Construction on Magnolia Fields, a recreational area located at the corner of Alumni and Magnolia drives, is scheduled to end Oct. 1 — just in time for its first event three days later.
Although the type of event has not yet been determined, Eric Hunter, director of Campus Recreation and manager of the new fields, said the reason behind the $1.4 million complex, funded by student-paid Activity and Service fees, is clear.
“The statistics have shown that USF is already behind on the number of fields we should have for our number of students,” Hunter said. “Magnolia Fields is certainly a step in the right direction there because of the number of complaints we’ve had from students in prior years on the poor condition of our existing fields due to overuse.”
The complex, which began being built in June, will include four fields spread over five acres of land designated for intramural, club and recreational use.
Upon completion, the complex will also serve as a temporary replacement for the intramural fields located on Sycamore Drive.
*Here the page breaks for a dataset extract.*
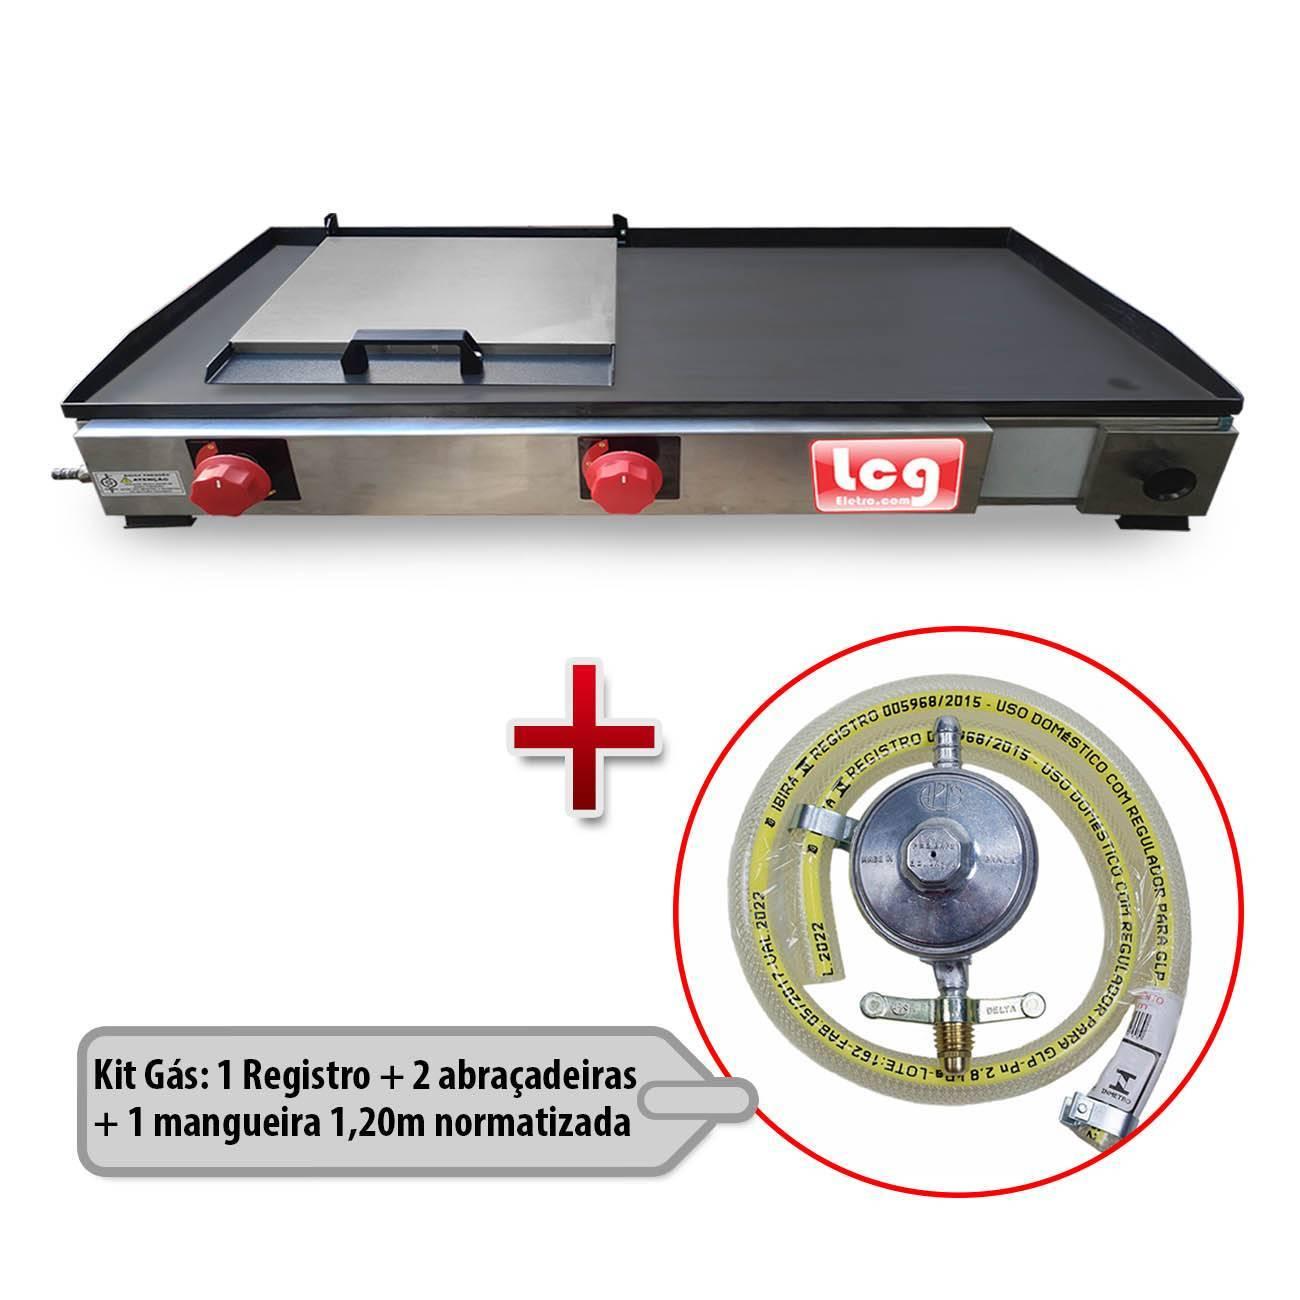 Chapa De Lanche A Gás Sanduicheira 40x80cm Lcg + Kit Gás - LCGELETRO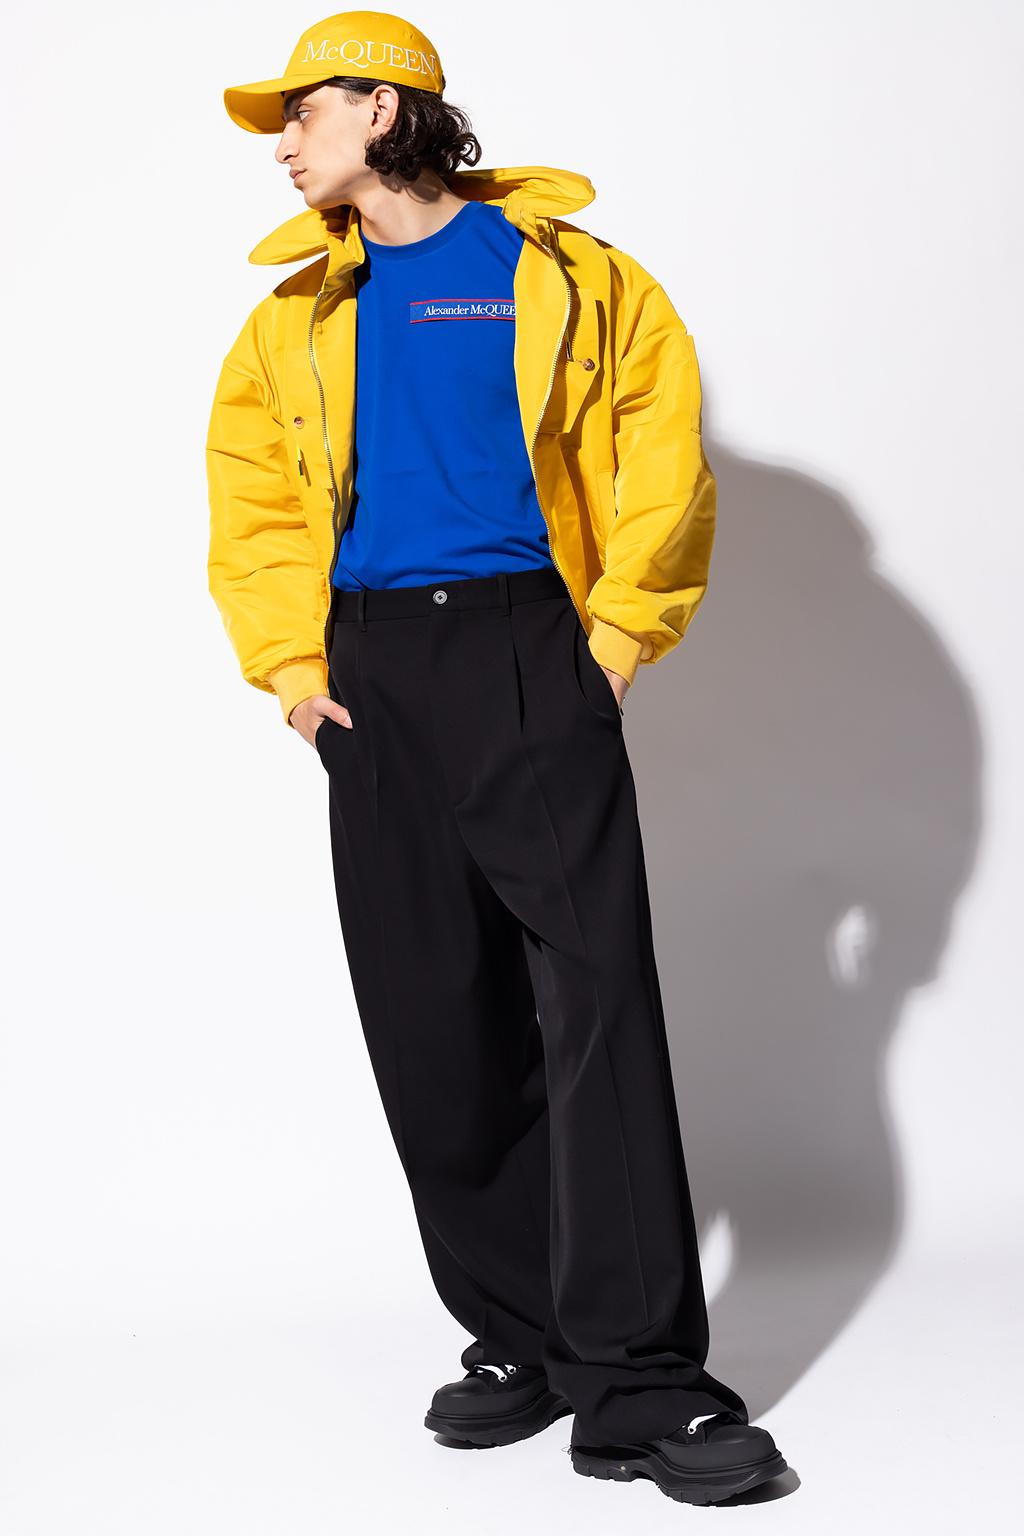 Alexander McQueen Jacket with pockets

Those fields are also currently under construction.
Magnolia Fields, which will be covered in Bermuda grass, will also include sidewalks and bicycle racks and will be surrounded by roads that have been expanded for better bicycle access.
Jennifer Belmont, Student Government (SG) Senate President, said that the University pinpointed the southwest side of campus as a location for the fields because of the abundant space and the large volume of on-campus residents who currently have to go to the other side of campus to play sports.
“Because of the nucleus of students that are beginning to live on that side of campus as a result of Juniper-Poplar Hall and the Magnolia Apartments, we felt it was way overdue for us to make sporting facilities for those students,” Hunter said. He said plans for the program passed by a majority vote during a SG senate meeting last school year and that they have received “much support and excitement.”
Nicole Fernung, a sophomore majoring in biology, said she is excited at the prospect of having a field close to her dorm room in Juniper-Poplar Hall.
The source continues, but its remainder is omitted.